В эти годы в неразрывной связи с эстетическими установками модернизма выкристаллизовалась американская идеология Дарио. В 1898 г., когда Куба стала добычей США, отнятой у разгромленной и обессиленной Испании, он опубликовал эссе «Триумф Калибана», важнейший памятник литературы модернизма и всей латиноамериканской духовной традиции. Опираясь на предшественников в Латинской Америке (в Аргентине – Поль Груссак[273]) и на европейскую эпику того времени (Ренан), он построил эссе на оппозиции шекспировских образов «Бури», своими мотивами связанной с коллизиями эпохи открытия Нового Света. Оперируя шекспировскими образами Калибана и Ариэля как символами, Дарио перевернул актуальную для эпохи оппозицию «варварство – цивилизация» (латиноамериканцы – варвары, североамериканцы – цивилизующее начало), представив США в образе варвара – Калибана.

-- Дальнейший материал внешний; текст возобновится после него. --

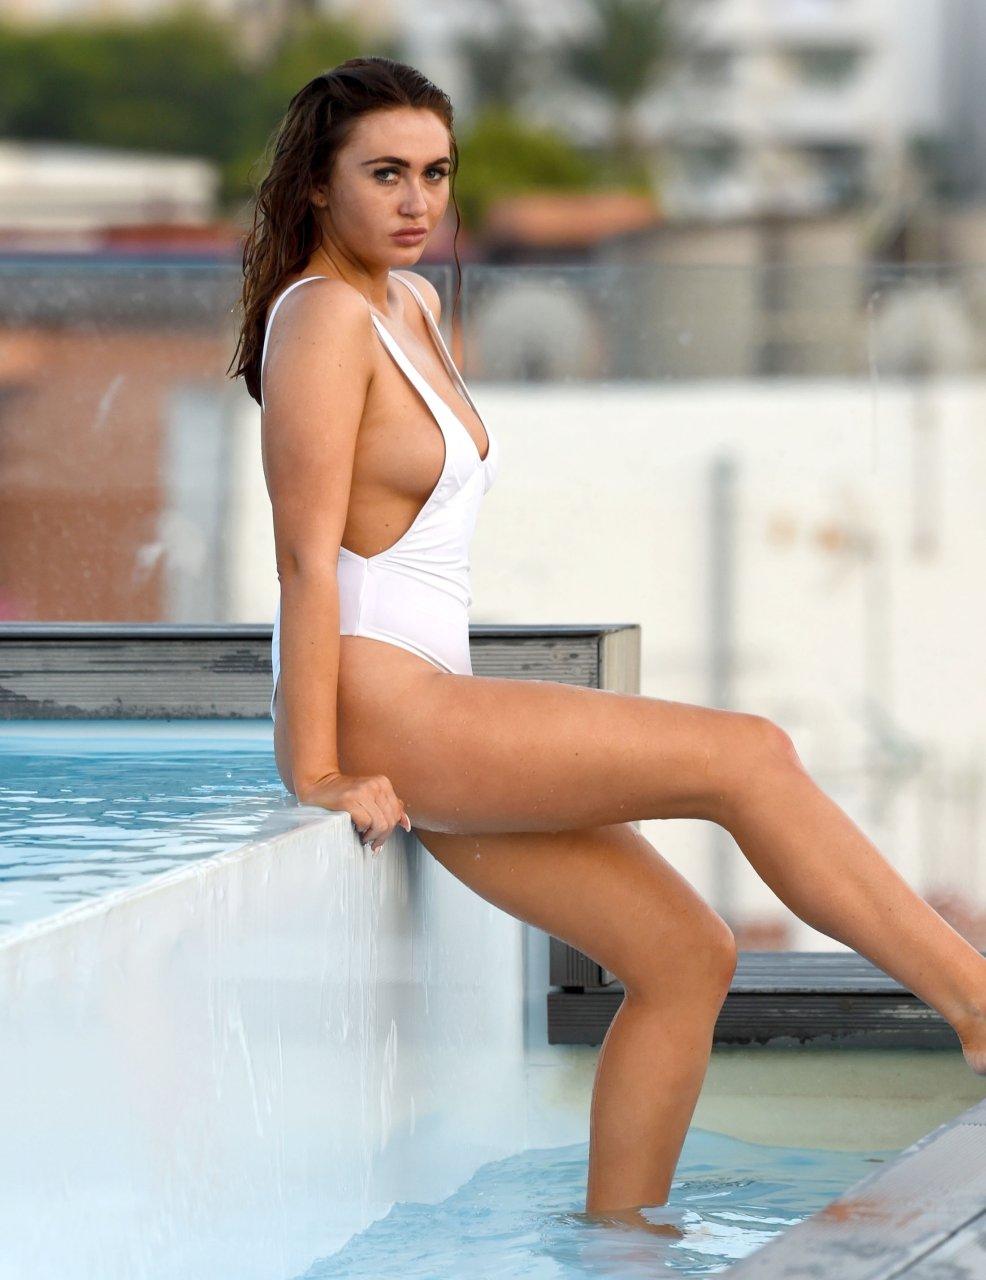 charlotte dawson naked

Использовав геополитический язык своего времени, на основе идей социал-дарвинизма и позитивизма Спенсера он трактовал нарастающий мировой конфликт как борьбу англосаксонской и латинской рас, но перевел его в сферу духовно-эстетическую. Соединенные Штаты, об угрозе которых писал Марти (а Дарио набрасывает образ Нью-Йорка, используя его стилистику), – это воплощение вульгарного материализма, враждебного духовно-идеальному началу и красоте. «Великая бестия», попирающая Кубу сегодня, угрожает всей Латинской Америке, латинским расам, которым следует объединиться, встать на защиту обессиленной Испании, наследницы духовной традиции Сервантеса, Кеведо, Гонгоры, Веласкеса, «дочери Рима, сестры Франции и матери Америки»[274]. Латинская раса – носительница духа Ариэля, гения духовности, идеальности, культуры. Дарио бросил непримиримый вызов брутальной бездуховности[275]. Он идентифицировал себя и всю Латинскую Америку с латинской культурной традицией. Так определилось новое культурно-идеологическое сознание Дарио, а проблема творческой индивидуальности с уровня личностного вышла на уровень цивилизационно-культурного самоопределения «нашей Америки», вслед за Марти и предвещая Родо.